Disaccharide concentrations in the metabolite extracts were determined using UPLC-QDa analysis. Peak intracellular trehalose concentrations of around 1400 µM were observed at 96 h, which was considerably higher than the corresponding 96 h maltose concentration of 35 µM (Fig. 1b). Trehalose concentrations also increased consistently over time, while maltose levels peaked at 48 h at 108 µM and were lower at 96 h. Both maltose and trehalose are detected intracellularly at 0.5 h post-inoculation, indicating that the transport of maltose and trehalose into CHO-K1 can take place within a relatively short time frame. Intracellular maltose and trehalose accumulation was not observed in the 0 h samples, implying that cells cultured in glucose-only medium do not produce or accumulate maltose or trehalose if the culture medium is not supplemented with disaccharides.

These observations of intracellular disaccharide profiles are surprising because it is generally accepted that disaccharides are polar molecules that are too large to pass through the cell lipid bilayer membrane, and few animal disaccharide transporters have been reported thus far^9,10. Nonetheless, these profiles corroborate with previous observations: Intracellular trehalose is observed to increase with time, suggesting that it is accumulated intracellularly but not metabolized. On the other hand, intracellular maltose peaked at 48 h and then decreased, suggesting transport into the cells and metabolism with glucose depletion.

Tracing ¹³C-maltose and trehalose utilization in wild-type CHO-K1 cells

To determine whether unlabelled and labelled maltose or trehalose act similarly on CHO-K1, growth and biochemical profiles of CHO-K1 grown in 4 g/L glucose and 10 g/L unlabelled or UL-13C12 trehalose or maltose were compared. A seeding density of 0.35 × 10⁶ cells/mL was used. At 0, 0.5, 48 and 96 h, viable cell densities and culture viabilities were measured. Biochemical analysis was also performed on the culture supernatant. Both unlabelled and labelled disaccharide cultures had similar growth and biochemical profiles at the selected points, indicating that both unlabelled and labelled maltose and trehalose have similar biological effects on CHO-K1(Supplementary Figures S1, S2). To further investigate the utilization pathway of maltose by CHO-K1 cells, isotope-labelling experiments were carried out. Cells were cultured in 4 g/l glucose-containing medium supplemented with ¹³C-maltose- or ¹³C-trehalose for 96 h and cell samples obtained at 0 h, 0.5 h, 48 h and 96 h (n = 2), to track the ¹³C enrichment in TCA cycle intermediates by LC–MS (Fig. 2a).

Fig. 2

Tracking and distribution of labelled TCA intermediates from CHO-K1 cells grown in glucose-containing medium containing C13-labelled maltose or trehalose (a) Schematic of [U-¹³C]maltose and [U-¹³C]trehalose metabolism along the TCA cycle in wild-type CHO-K1 cultured with unlabeled glucose. All possible permutations of ¹³C-labelled intermediates are shown, with the labelled carbons denoted as red dots. The unlabeled glucose was added to the culture media at the start of the experiment; the fully ¹³C-labelled glucose is derived from the breakdown of ¹³C-maltose or ¹³C-trehalose in the culture media. (b) Cell uptake of maltose and trehalose over time (with reference to 30-min time point). (c) Maltose and (d) Trehalose metabolism in CHO-K1 cells – (i) concentration (by peak area) of intracellular maltose detected in CHO-K1, and mass isotopomer analysis of (ii) lactic acid, (iii) citric acid (citrate), (iv) succinic acid (succinate) and (v) malic acid (malate) in cells cultured with media containing ¹³C-maltose or ¹³C-trehalose, and unlabeled glucose.

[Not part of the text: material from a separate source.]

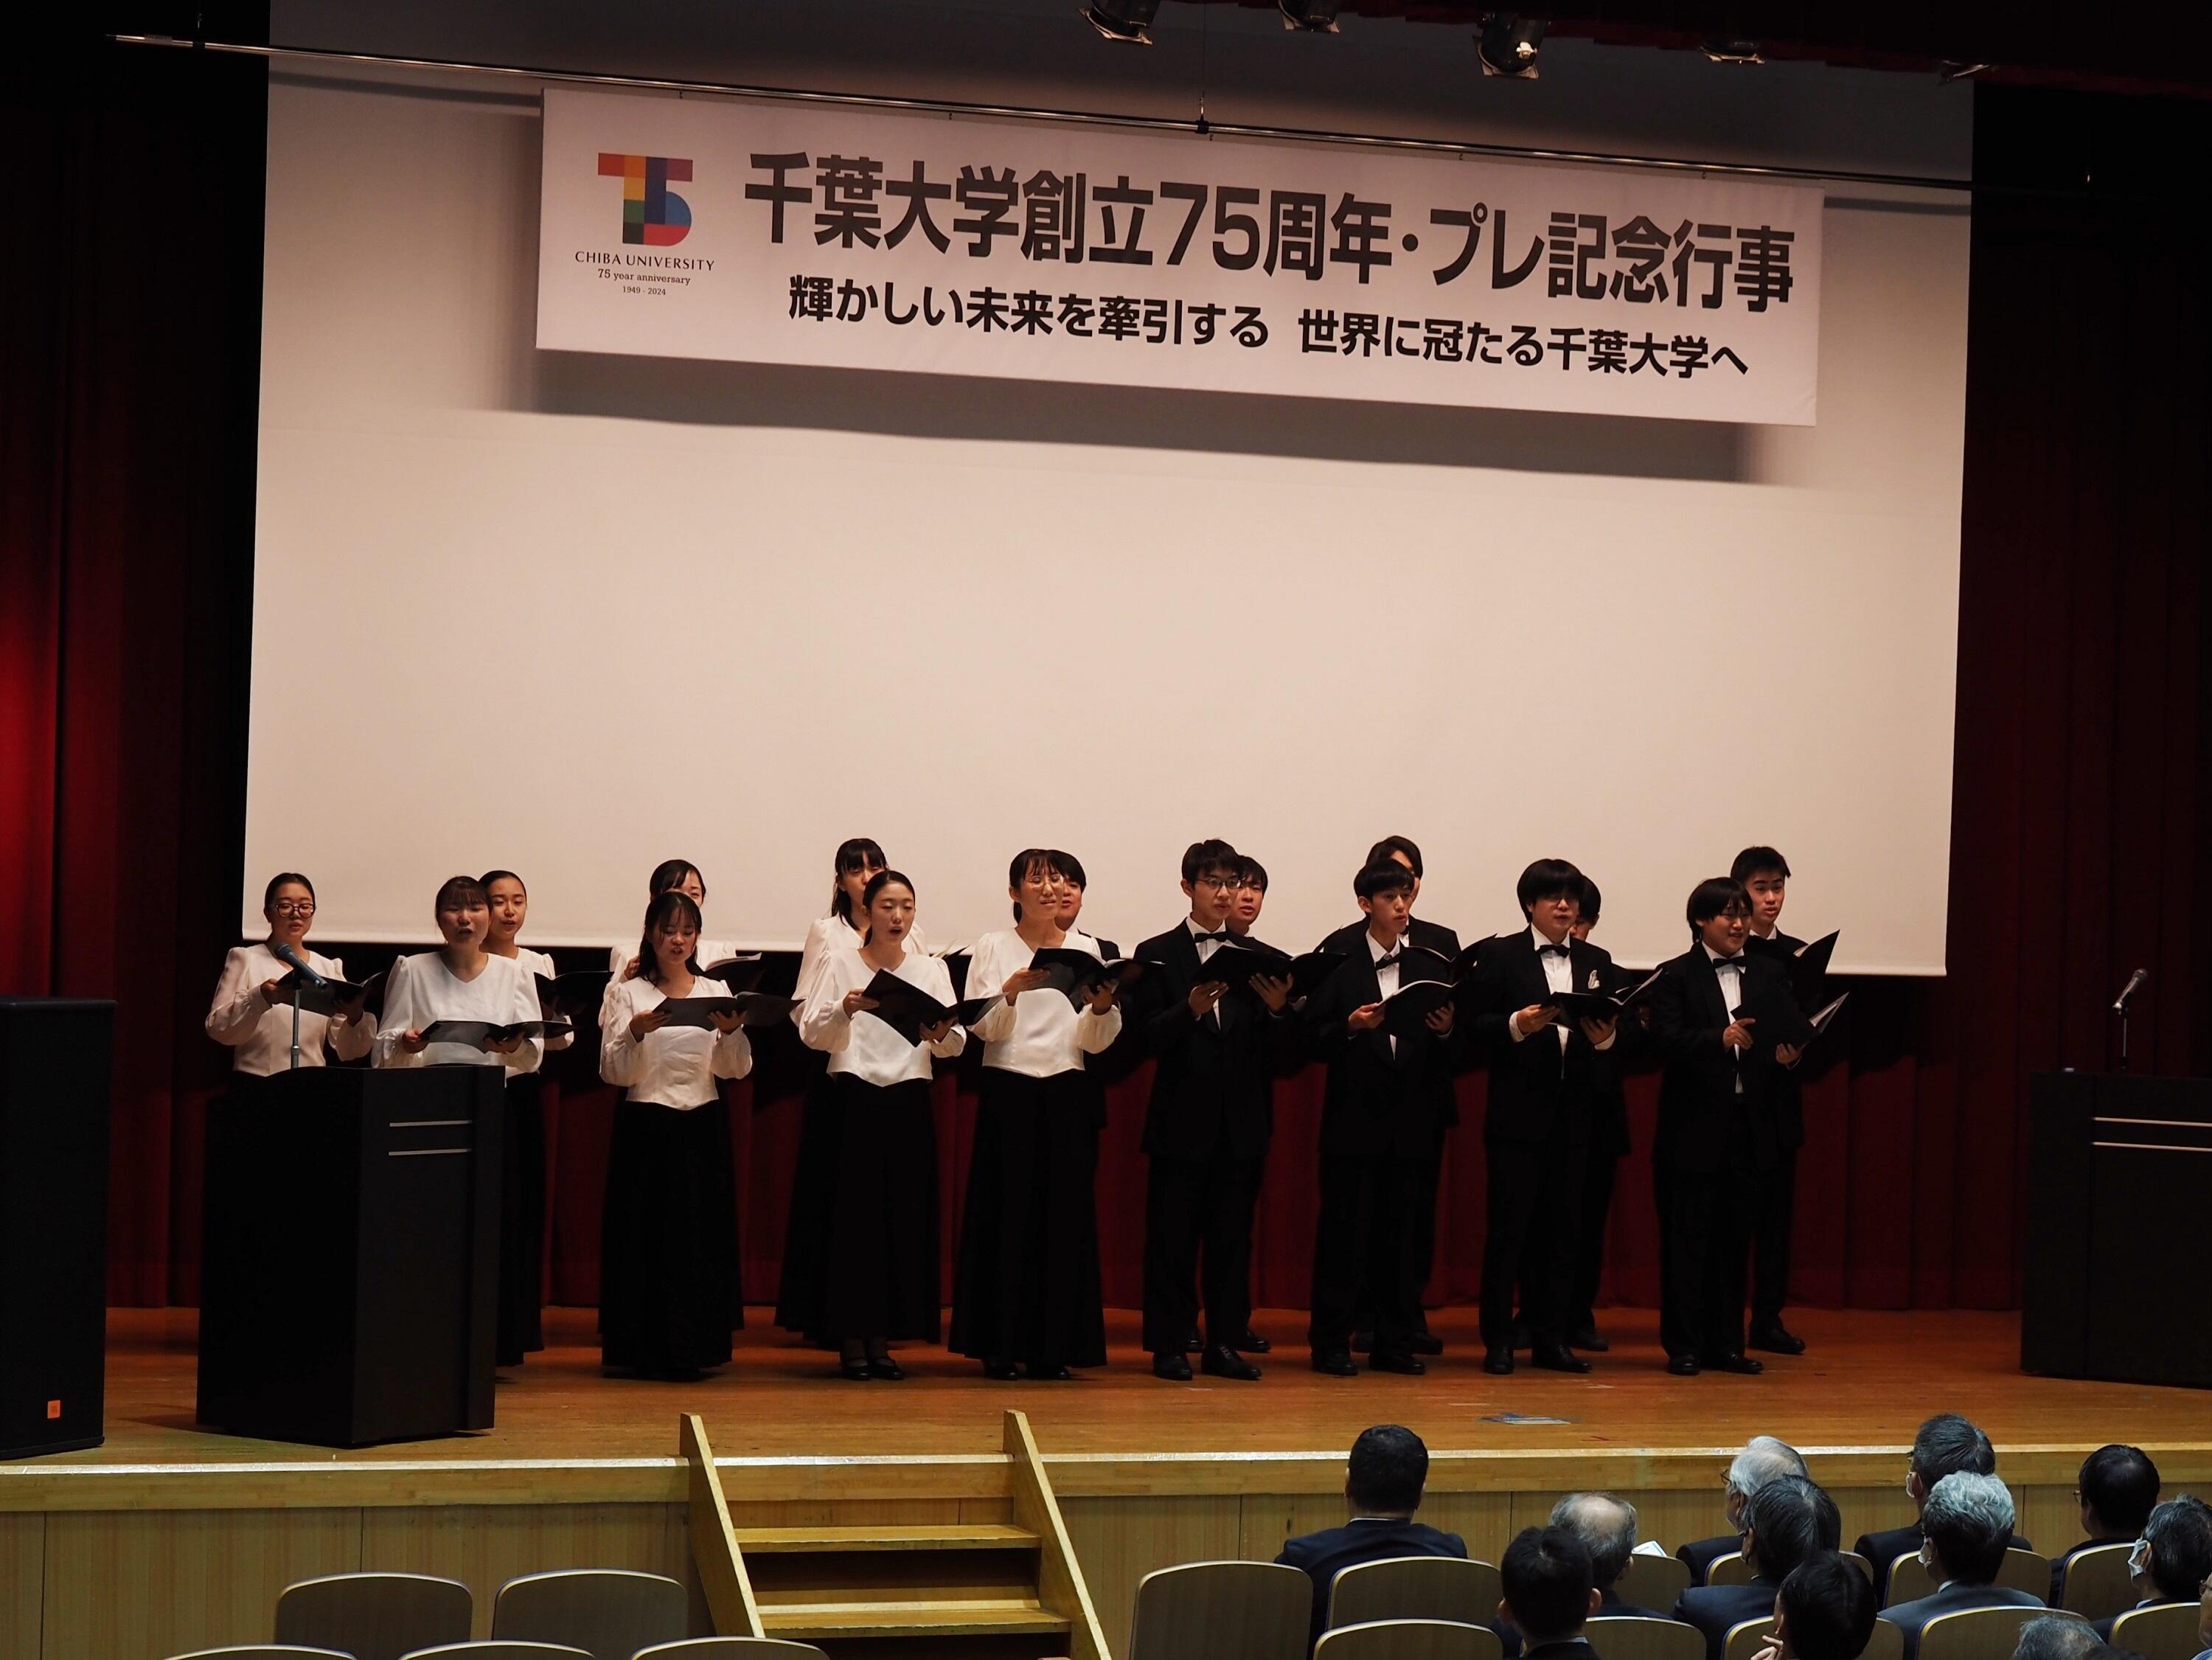 千葉大学合唱団による学歌斉唱の様子

Six units of ¹³C from labelled-glucose, broken down from the labelled disaccharide, undergo glycolysis to form either 3-carbon lactic acid, or 2-carbon acetyl-CoA that enters the TCA cycle (Fig. 2a). The appearance of ¹³C-labelled TCA cycle intermediates begins with the [M + 2] citrate isotopomers, which arise from the first cycle. Successive cycles and incorporation of other carbon sources resulted in partial labelling and the appearance of other isotopologues.

As shown in Fig. 2b, the uptake of both labelled disaccharides into the cells was observed at 0.5 h after the media containing ¹³C-labelled maltose or ¹³C-labelled trehalose was introduced. While the levels of intracellular ¹³C-trehalose increased between 0.5 h to 96 h, intracellular ¹³C-maltose levels saw a peak at 48 h and subsequently decreased at 96 h. These trends are similar to our previous experiment on the addition of unlabelled maltose or trehalose to CHO-K1 cells (Fig. 1).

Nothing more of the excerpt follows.